Stigter Van Doesburg is pleased to present the first solo show by Egyptian artist Dina Danish at the gallery.
The title of the exhibition refers to the American poet Jack Spicer. Spicer (1925-1965) was among the founders of “6” gallery in Fillmore Street where the Beat generation was launched, but he always preferred to remain an outsider to the group. Inspired by Surrealism, he used to claim that poetry was coming to him from outside forces - like Martians - and that he functioned as a transmitter for dictated lines and rhymes. He compared the poet to some one hosting a pinball machine, which he also considered to be an ideal graveyard for himself. With this in mind Danish transformed the whole gallery into a gigantic pinball machine. Deliberately a bit clumsy done, but all the forms and tools are still recognizable. As a visitor you become the ball, finding your way through objects and obstacles, waiting for the right moment to hit or run. For Danish the encounter between life and props is what it is all about: the props in the space loose their relevance as forms, and become facilitators for the transmission of energy, meaning and matter. Far from a perspective of historical exactness, Danish rewrites biographies and moments of the past. She reinterprets the subject’s intentions, creating new possible understandings. If “Words are what sticks to the real”, as Jack Spicer wrote in ‘After Lorca’, then mimicking the scoreboard of a pinball-machine sticks perfectly to Jack Spicer’s words.
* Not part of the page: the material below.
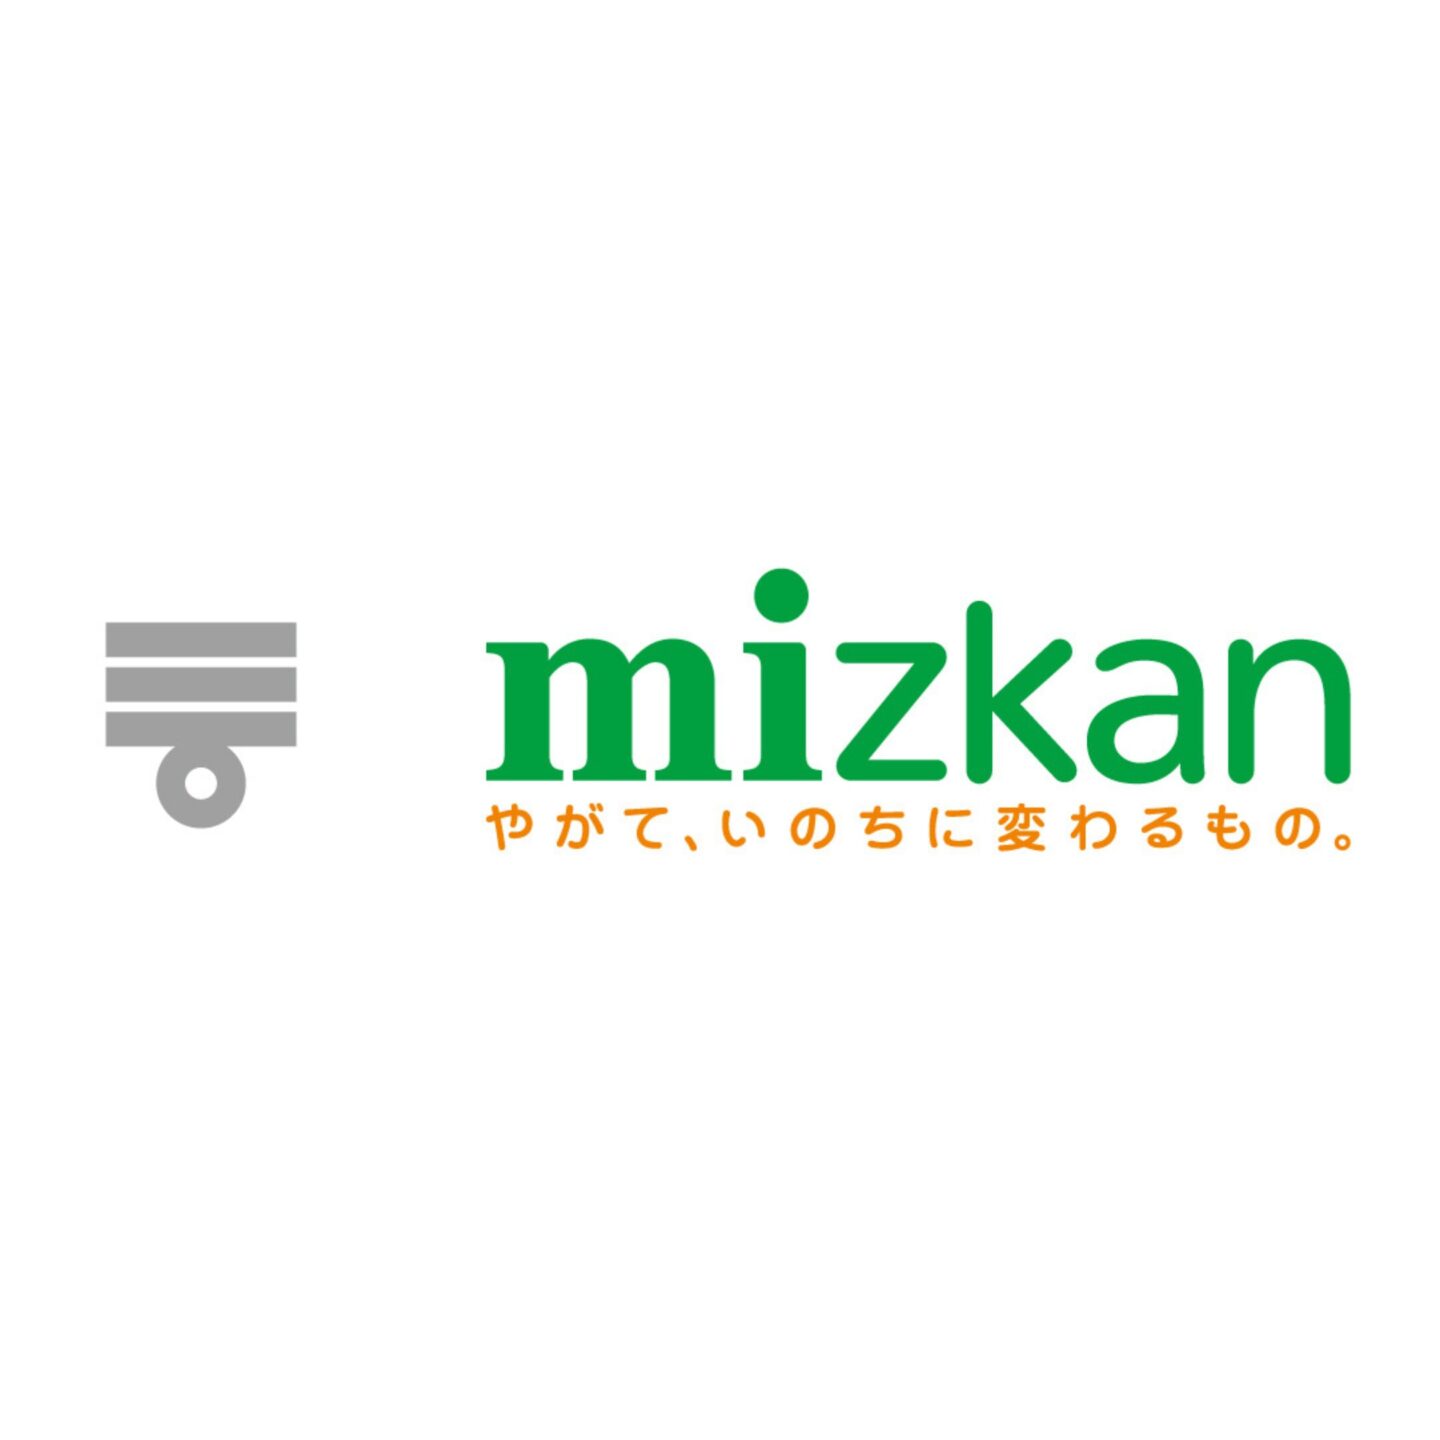 株式会社 Mizkan

At the back space we show the work Stop, Sun! Continue, Sun!. It is a diptych of paintings, one of which is destined to fade in sunlight. Accompanied by a script, this destiny is envisaged in the form of a dialogue between the relevant ‘characters’ – the Director, Paper One, Paper Two and the Sun – as they together work through the various stages. The work was made in response to artist John Smith's renowned film The Girl Chewing Gum (1976). The fist image in the diptych, Continue, Sun!, is the result of a specifically folded acid-based paper that has been exposed to the sun, resulting in an abstract image. Once unfolded and due to the exposure to daylight when exhibited, the image will continue to fade and eventually disappear. Hence, the title is an order to do what is beyond the artist’s control. The other image in the diptych, Stop, Sun! is a re-creation of the first image created by the sun as an oil painting, and its title is again an instruction to the sun, this time to preserve the image.